**What this task involves:** Each line below should be repeated exactly, but no picture should be carried over.

**Given information:**
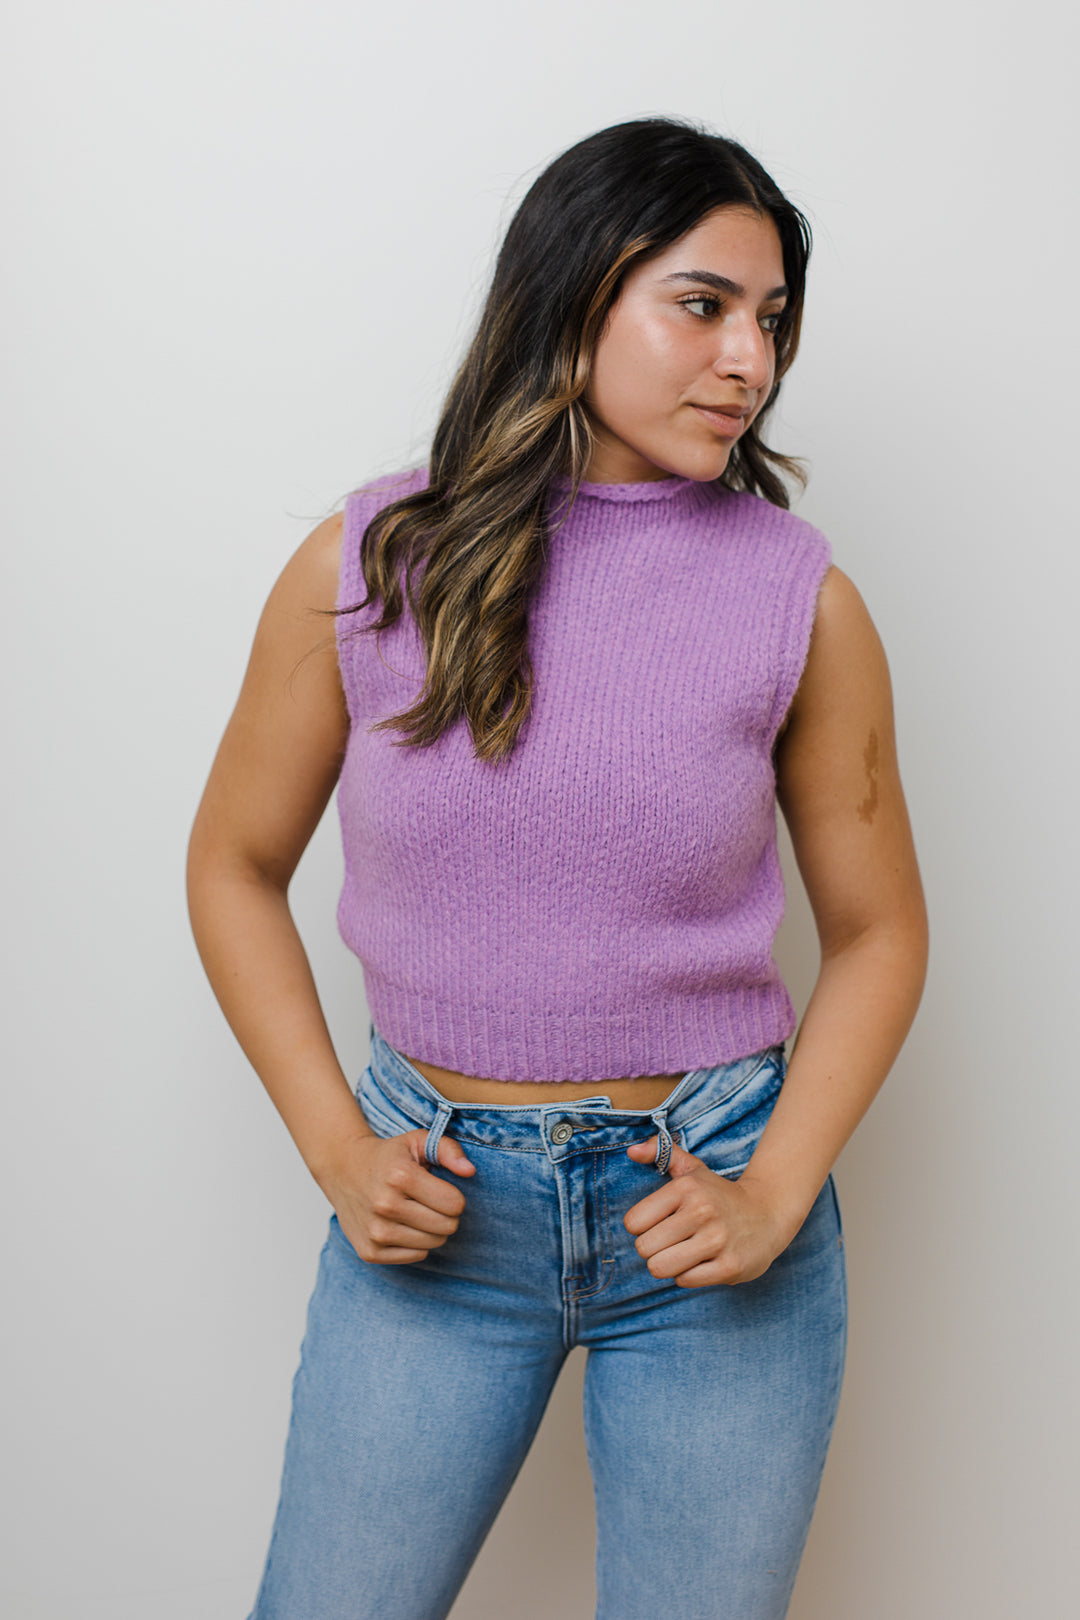 The Head Of The Class Cropped Sweater Vest
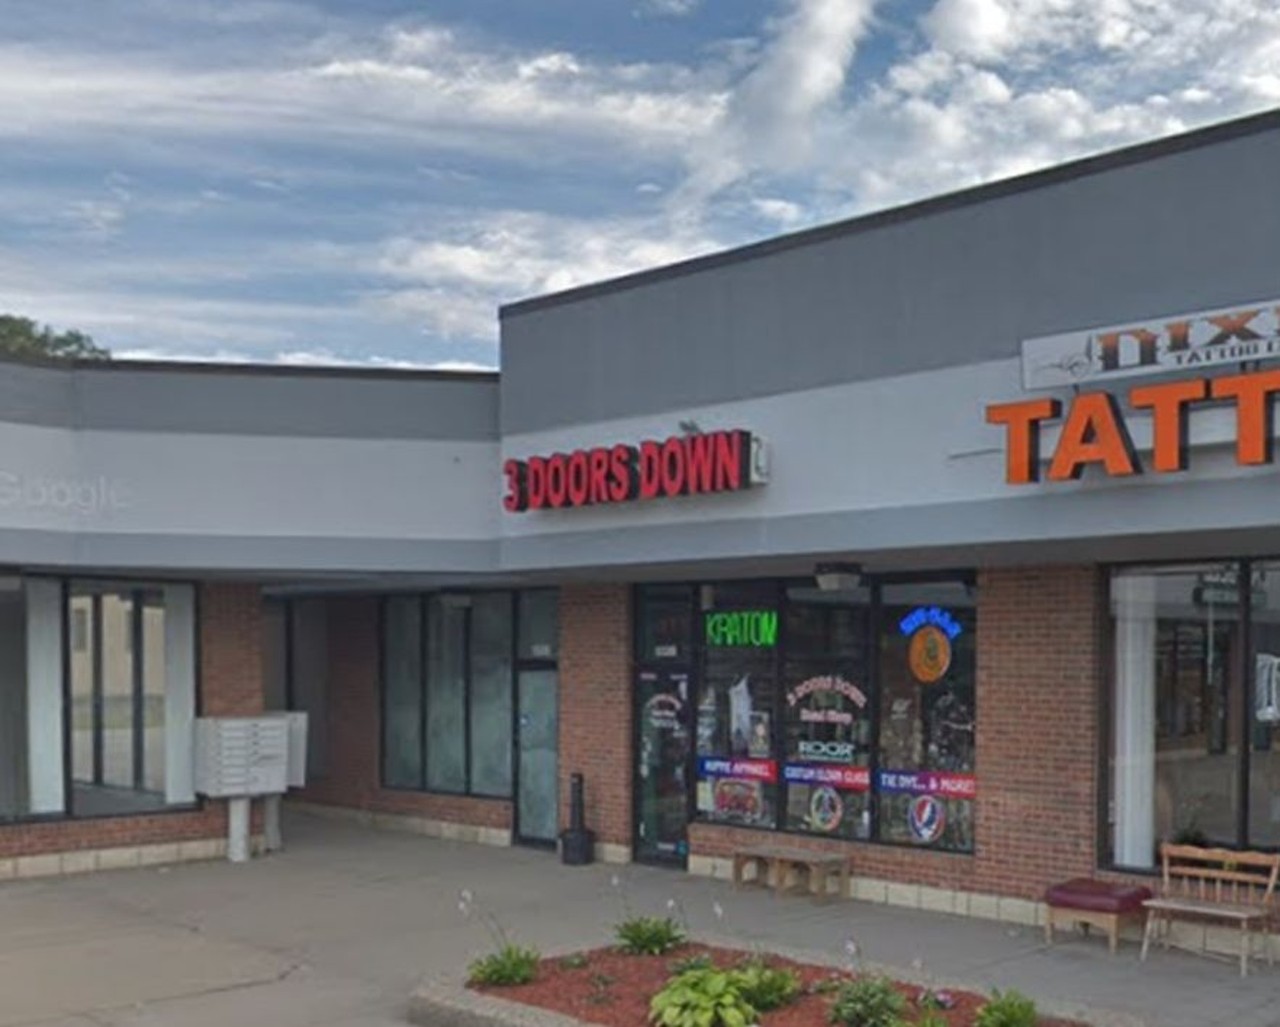 3 Doors Down5326 Dixie Hwy., Waterford Township, (248) 618 35543 Doors Down has three locations throughout Michigan including Waterford, Bay City, and Traverse City &#151; so you&#146;re never too far from one of the largest selections of smoking supplies, apparel, and accessories. 
&nbsp;Photo via GoogleMaps
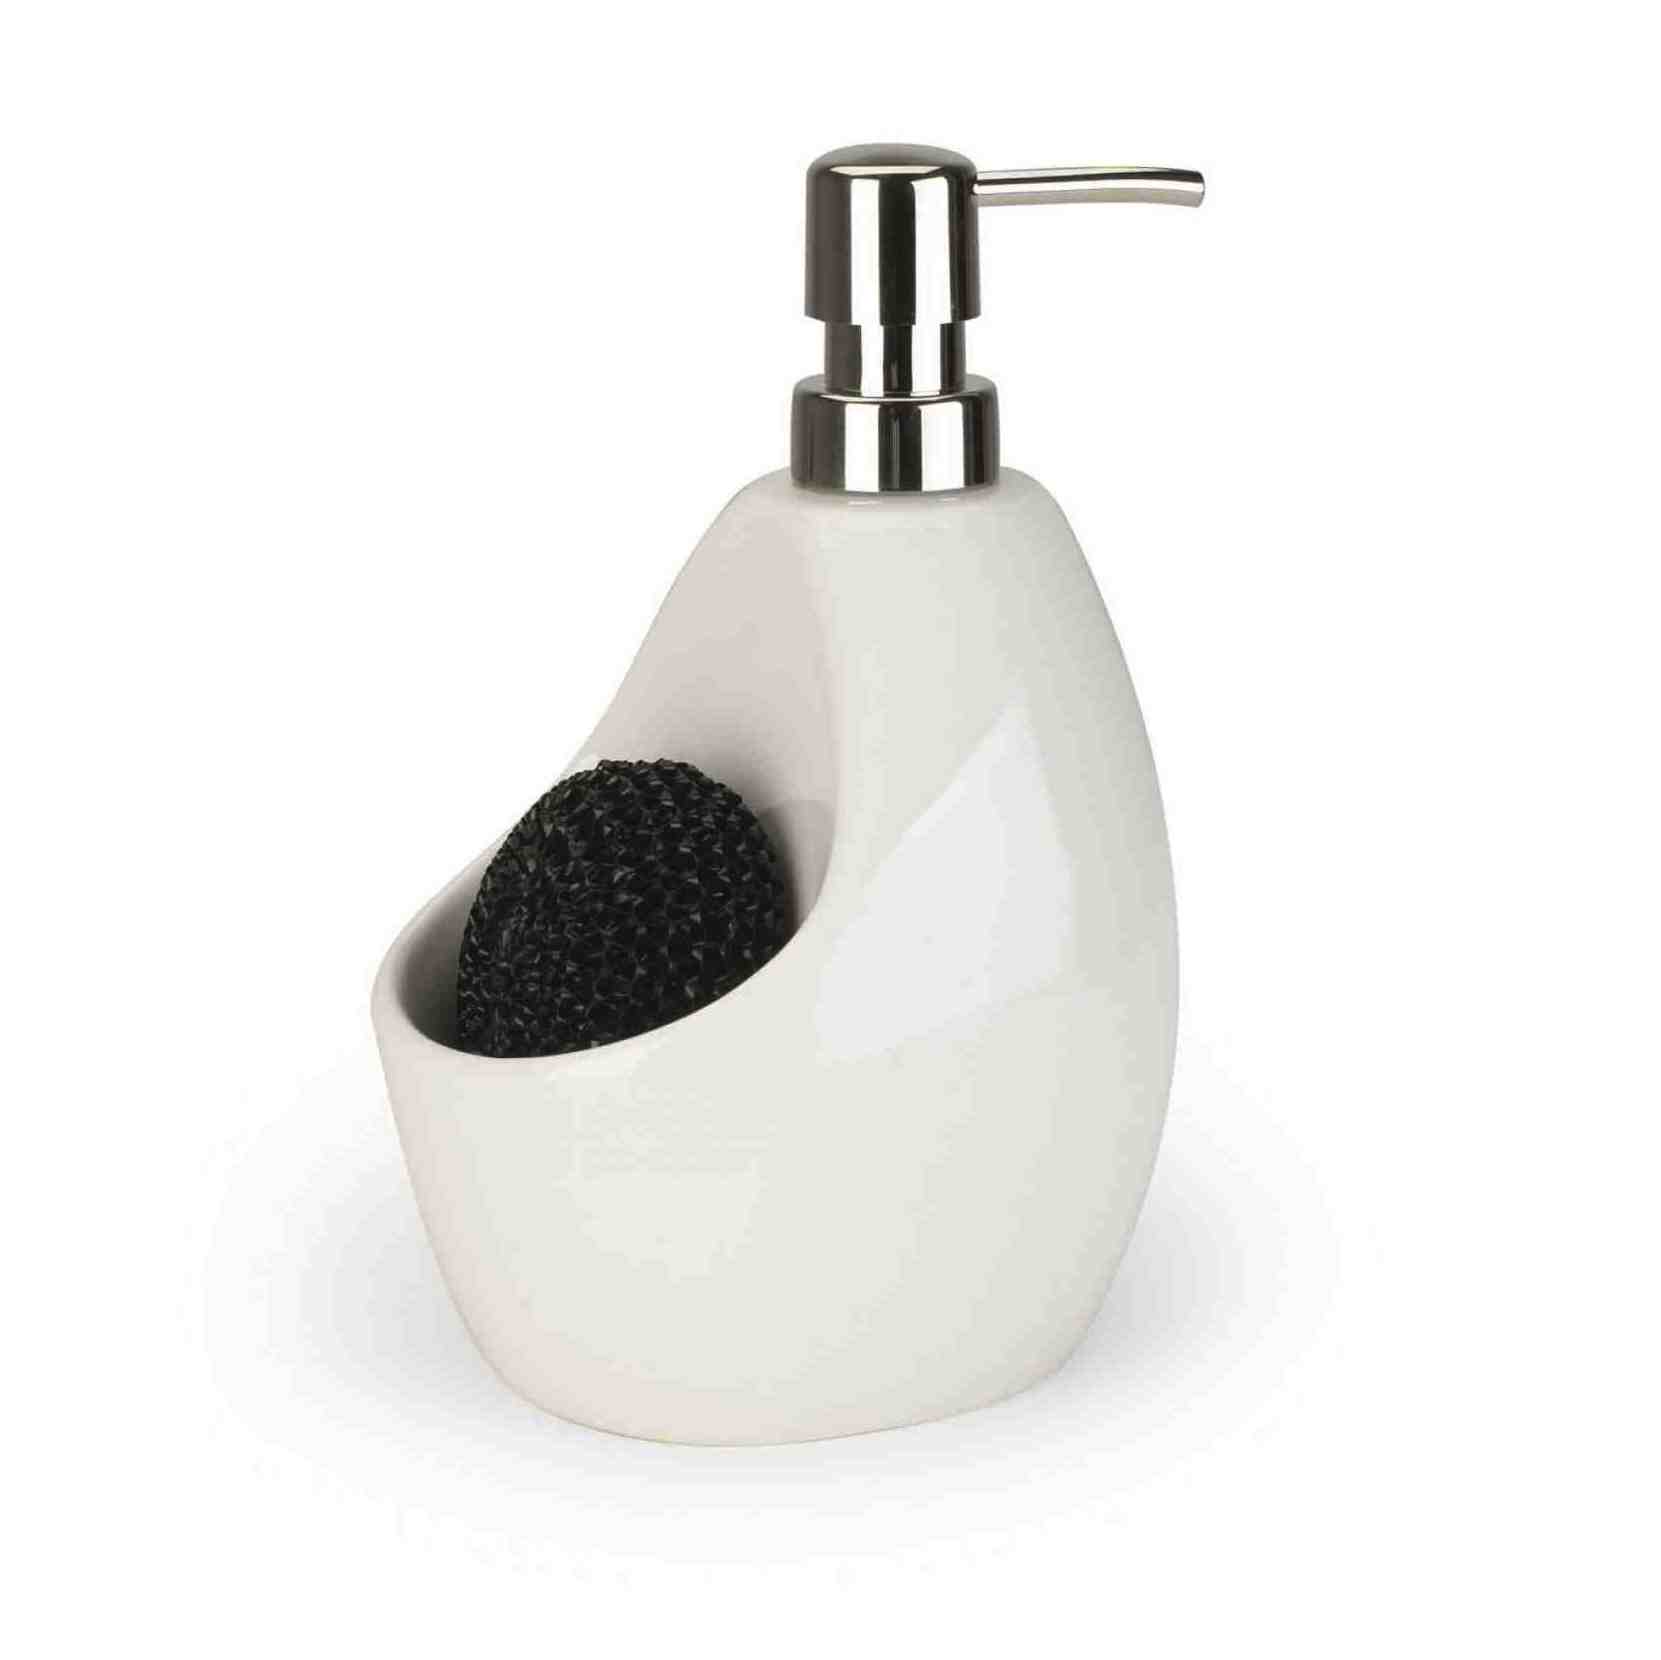 Umbra Joey Soap Pump and Scrubby Holder

**Solution:**
 The Head Of The Class Cropped Sweater Vest
 3 Doors Down5326 Dixie Hwy., Waterford Township, (248) 618 35543 Doors Down has three locations throughout Michigan including Waterford, Bay City, and Traverse City &#151; so you&#146;re never too far from one of the largest selections of smoking supplies, apparel, and accessories. 
&nbsp;Photo via GoogleMaps
 Umbra Joey Soap Pump and Scrubby Holder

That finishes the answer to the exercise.